What would be your dress code for your staff members when you send them out to a client site?

Zach Tomlin:

Something similar to what I’m wearing now. A polo shirt with the Tomlin logo, khakis, and nice shoes. You don’t need to be overly formal because you are working, and you’re going to sweat sometimes moving stuff around.

Matt:

Where do you see the field of cybersecurity going in the next ten years? Where will we be ten years from now?

Zach Tomlin:

That’s a scary question! I was a network administrator, a network engineer, an infrastructure, business consultant. Five years ago I saw ransomware for the first time. It was the first iteration of the Cryptolocker. I saw it and I said, ‘this is bad’. And then from there, hackers kept getting more sophisticated. They started disrupting more businesses. It went from being funny, viruses that were just funny.

Matt:

They didn’t mean any harm in a sense?

Zach Tomlin:

Yes. They were just trying to mess with people, and that’s not cool, but that’s what it was. Now they’re trying to collect money, they’re trying to do extortion. Now consider advanced persistent threats or criminal organizations. Why would someone need to rob you at gunpoint when they can hack into your system and steal money without risk? And we’re seeing more and more of that. The hacks are getting more sophisticated. So I said it was time to go specialize in cybersecurity, which is completely different than infrastructure. There are (similar) components in there, but just because you’re in infrastructure doesn’t mean you know cybersecurity. So I went in that direction, I studied and trained (in cybersecurity). The hacks are getting worse. They are just non-stop.

Matt:

Every so often I’ll have people ask me about cybersecurity and ask “Is this a fad? Is this just a hot thing right now?” What do you say to that?

Zach Tomlin:

I worry for them because you need to be protected. It’s not just businesses. When you have the Internet of Things like your smart home. That needs to be protected. You need to make sure that that is protected. There are so many ramifications for not. I’ve actually been in a situation where a friend of mine had a default wireless network. It was bothering me so I asked her if I could fix it. When I logged into her firewall I found a whole bunch of iPod devices that were connected to her network. It turned out that a former boyfriend had hidden IPods around her house, and he was listening to her.
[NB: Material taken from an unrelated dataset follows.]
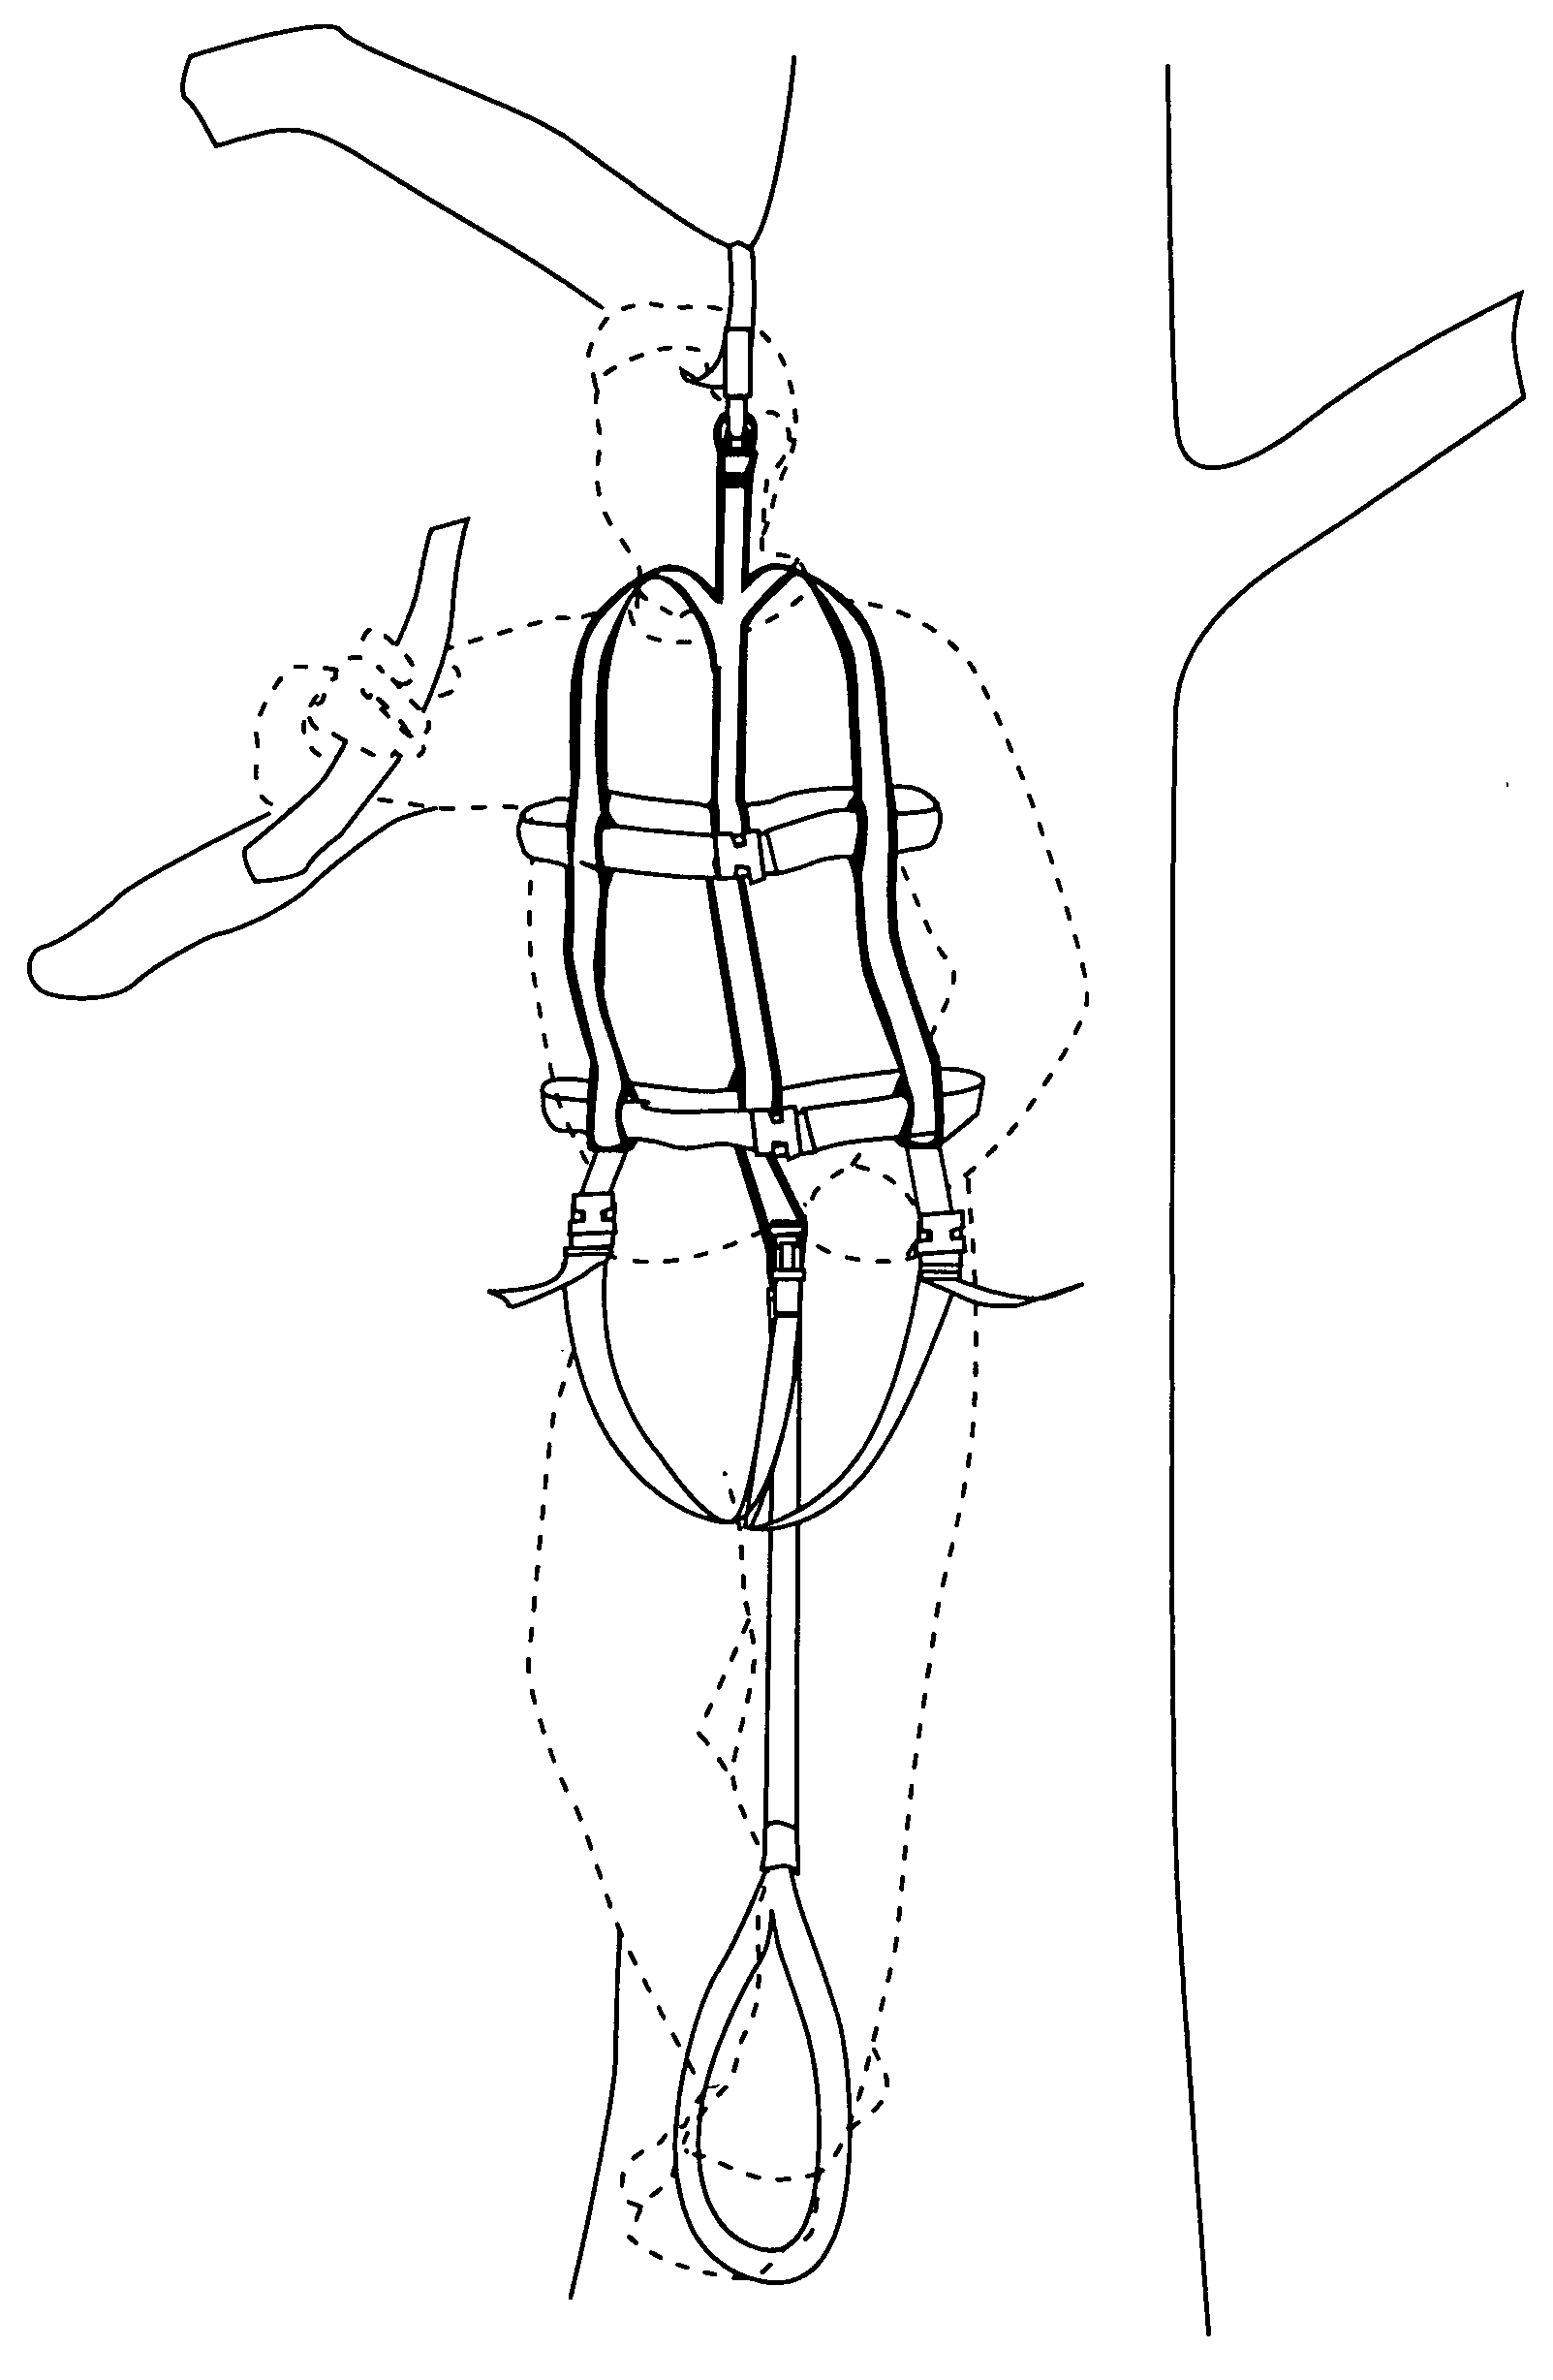 Safety harness with suspension relief

As soon as I saw this I shut the devices down a lot of the harassment that she was enduring stopped. You have nest cameras, you have smart locks. But you will grant access to these devices to significant others, or maybe your dog walker. If you don’t revoke their access to these, you’re basically giving them access.

Matt:

And hackers are able to steal so much – intellectual property, money. They’re not going to stop because they’re successful. They’re becoming more sophisticated but the tools are also becoming easier for the hackers to use. 

Zach Tomlin:

Right.

Matt:

To wrap up, I would like to ask just off the cuff, what’s some quick advice you have for anybody who is planning on getting into the cybersecurity field and they’re starting from scratch?

Zach Tomlin:

Go out there and get information. Pick up a book. Start watching YouTube videos. Start joining forums. Get into it. Immerse yourself into it. Read the stories. Read the headlines. And when you don’t know something, look it up and see what it means. That is the best way to do it. If you don’t do that then you’re not really learning anything.